Is it possible to specifiy a Gaussian process (GP) regression model directly in Turing? I’ve looked at Stheno.jl and GaussianProcesses.jl, but neither have an obvious way to specify a multivariate model (GaussianProcesses.jl explicitly says it can’t, and the docs for Stheno are not yet available). I’m also new to GPs and probabilistic programming in general, so it’s possible I’ve missed something obvious, but I’ve looked through all of the tutorials for Turing, and haven’t seen anything that clearly fits what I want. Incidentally, if this doesn’t already exist somewhere and I figure this out, I’d be happy to write it up as a tutorial.

If such a tutorial already exists, feel free to stop reading and point me there.

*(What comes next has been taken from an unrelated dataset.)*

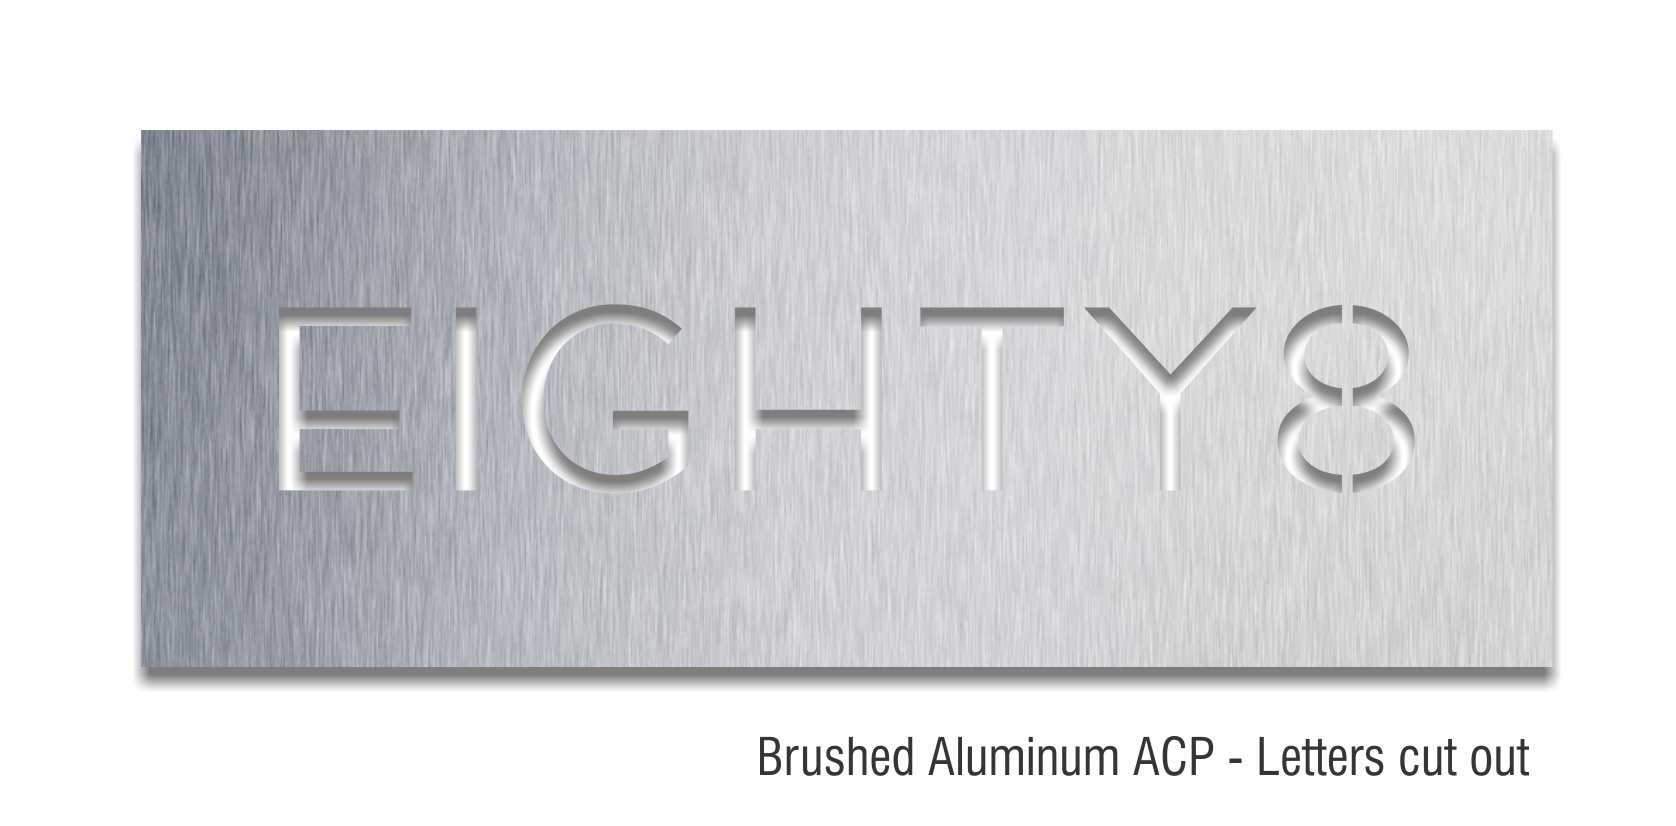 brushed aluminum ACP panel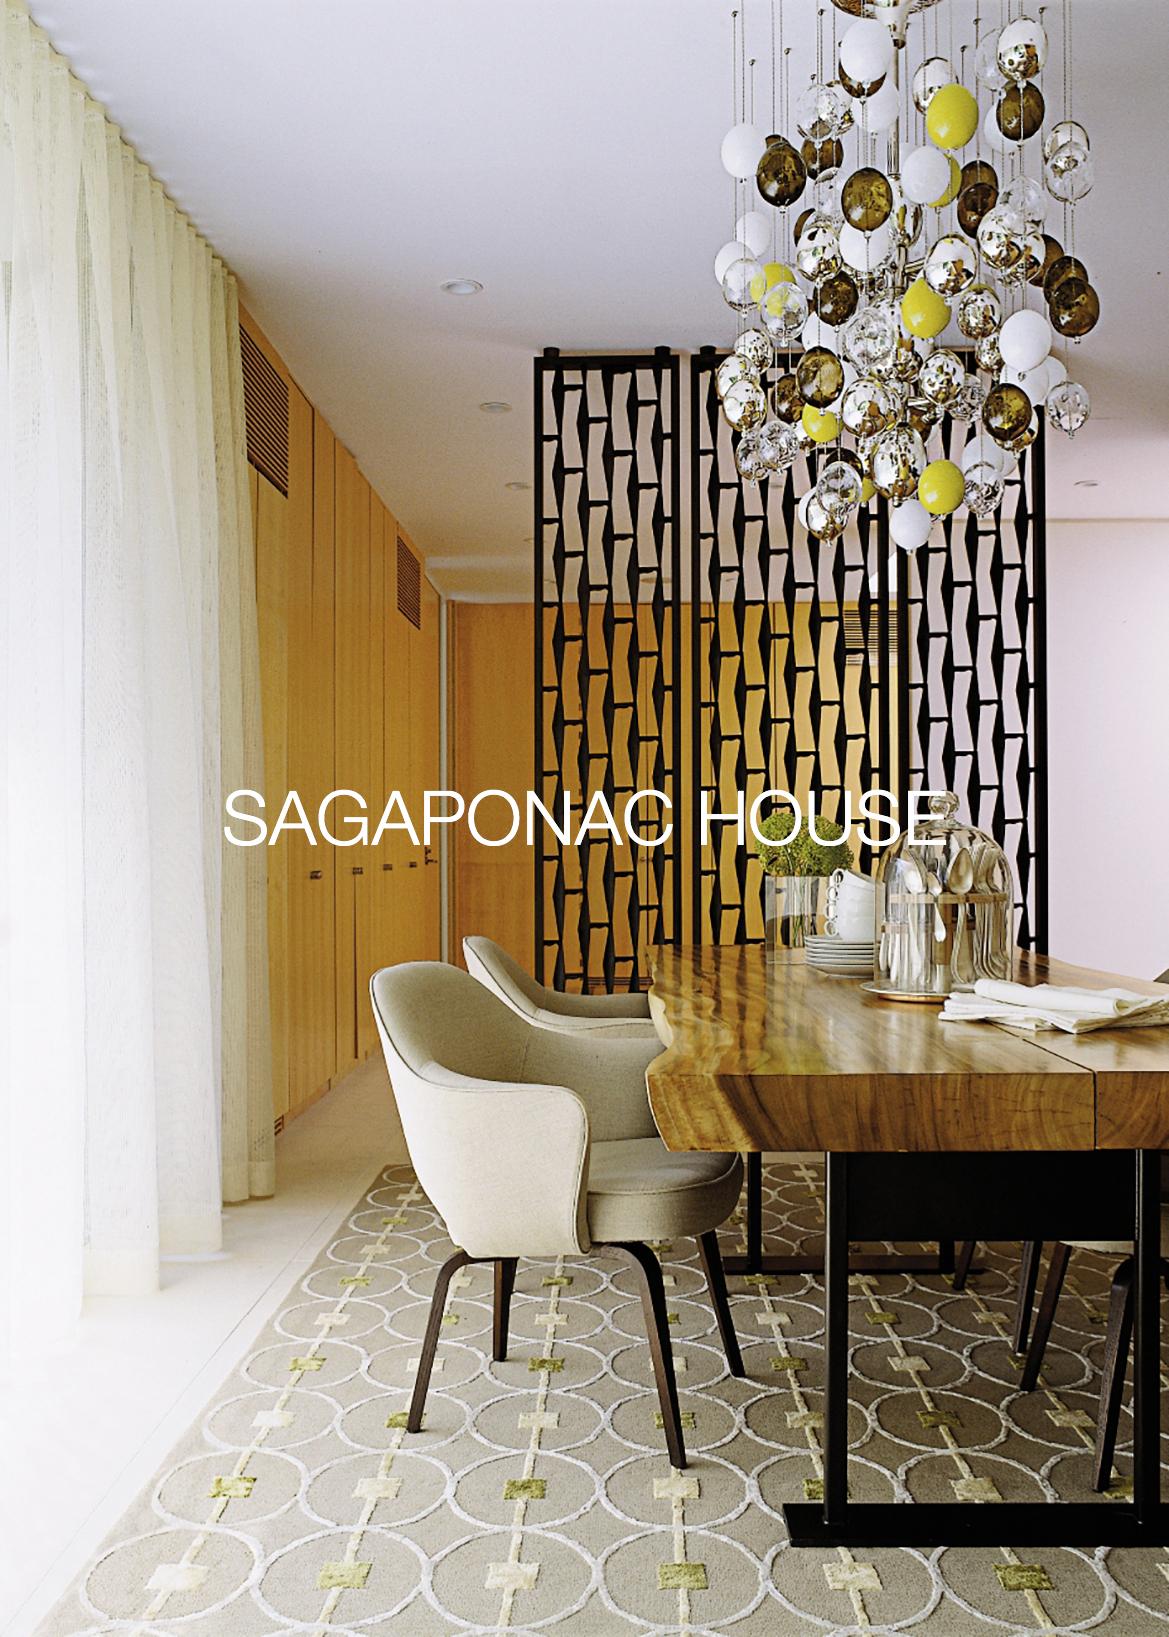 Sagaponic House.jpg

I figure giving an example is the easiest way to get started / make it clear where the gaps in my knowledge are. I study epidemiology associated with the human gut microbiome. Imagine I have a cohort of human subjects that have each provided samples at multiple time points (separated by variable numbers of days, all starting on an arbitrary day 1). At each of those time points, I can measure the amount of a particular bacterium, (call it `bug`

), and I have diet information from which I can get information about different nutrients (`nutrient`

). I also have some other information that might be relevant, like whether the person is `obese`

or not (binary variable).

We know that the most relevant information for predicting `bug`

is a sample from the same individual, but that effect decreases with time (anyone interested in more detailed info, see here). But we’d also like to model whether the nutrients are having some effect. So the data might look something like this:

## code to generate fake data

```
using DataFrames, Random, Distributions
df = DataFrame(
subject = repeat(1:5, inner=3),
obese = repeat(rand(Bool, 5), inner=3),
timepoint = [1,2,3,1,3,4,1,2,5,1,4,5,1,3,5],
bug = rand(Beta(0.9, 5), 15),
nutrient = rand(Beta(0.9,5), 15)
)
```

```
15×5 DataFrame
│ Row │ subject │ obese │ timepoint │ bug │ nutrient │
│ │ Int64 │ Bool │ Int64 │ Float64 │ Float64 │
├─────┼─────────┼───────┼───────────┼───────────┼────────────┤
│ 1 │ 1 │ 0 │ 1 │ 0.0244897 │ 0.199635 │
│ 2 │ 1 │ 0 │ 2 │ 0.217759 │ 0.0795724 │
│ 3 │ 1 │ 0 │ 3 │ 0.013862 │ 0.246906 │
│ 4 │ 2 │ 0 │ 1 │ 0.0601671 │ 0.106634 │
⋮
│ 11 │ 4 │ 1 │ 4 │ 0.0369525 │ 0.00247553 │
│ 12 │ 4 │ 1 │ 5 │ 0.125425 │ 0.224936 │
│ 13 │ 5 │ 0 │ 1 │ 0.0334627 │ 0.187304 │
│ 14 │ 5 │ 0 │ 3 │ 0.0809102 │ 0.140293 │
│ 15 │ 5 │ 0 │ 5 │ 0.0770322 │ 0.259843 │
```

So I’d like to model the relationship between `bug`

and `nutrient`

, given the other variables. I think the Linear Model terminology would be that `subject`

is a random effect and `obese`

and `nutrient`

are fixed effects, but I’m not 100% sure about that.

To model just `bug ~ nutrient + obese`

, and trying to adapt the linear regression tutorial

```
@model bugmodel1(y, obese, nutrient) = begin
# Set variance prior.
σ₂ ~ truncated(Normal(0,100), 0, Inf)
# Set intercept prior.
intercept ~ Normal(0, 3)
coef_o ~ Normal(0,10)
coef_n ~ Normal(0,10)
μ = intercept .+ (coef_n * nutrient) .+ (coef_o * obese)
for i in 1:length(y)
y[i] ~ Normal(μ[i], σ₂)
end
end
model = bugmodel1(df.bug, df.obese, df.nutrient)
```

(Incidentally, I’m not sure if it makes sense for the coefficients to follow normal distributions, I don’t totally understand what all the pieces are doing, but with this randomly generated data, the coefficients land ~0, which is what I would expect).

So now, the questions:

- Am I totally off-base with what I’m trying to do?
- Is it possible to include
`subject`

and`timepoint`

with squared exponential covariance as part of the model? - (bonus, this is what I ultimately want to do, possibly makes more sense as a separate post): can I easily compare this model to one that does NOT include
`nutrient`

, to see if`nutrient`

is providing additional information?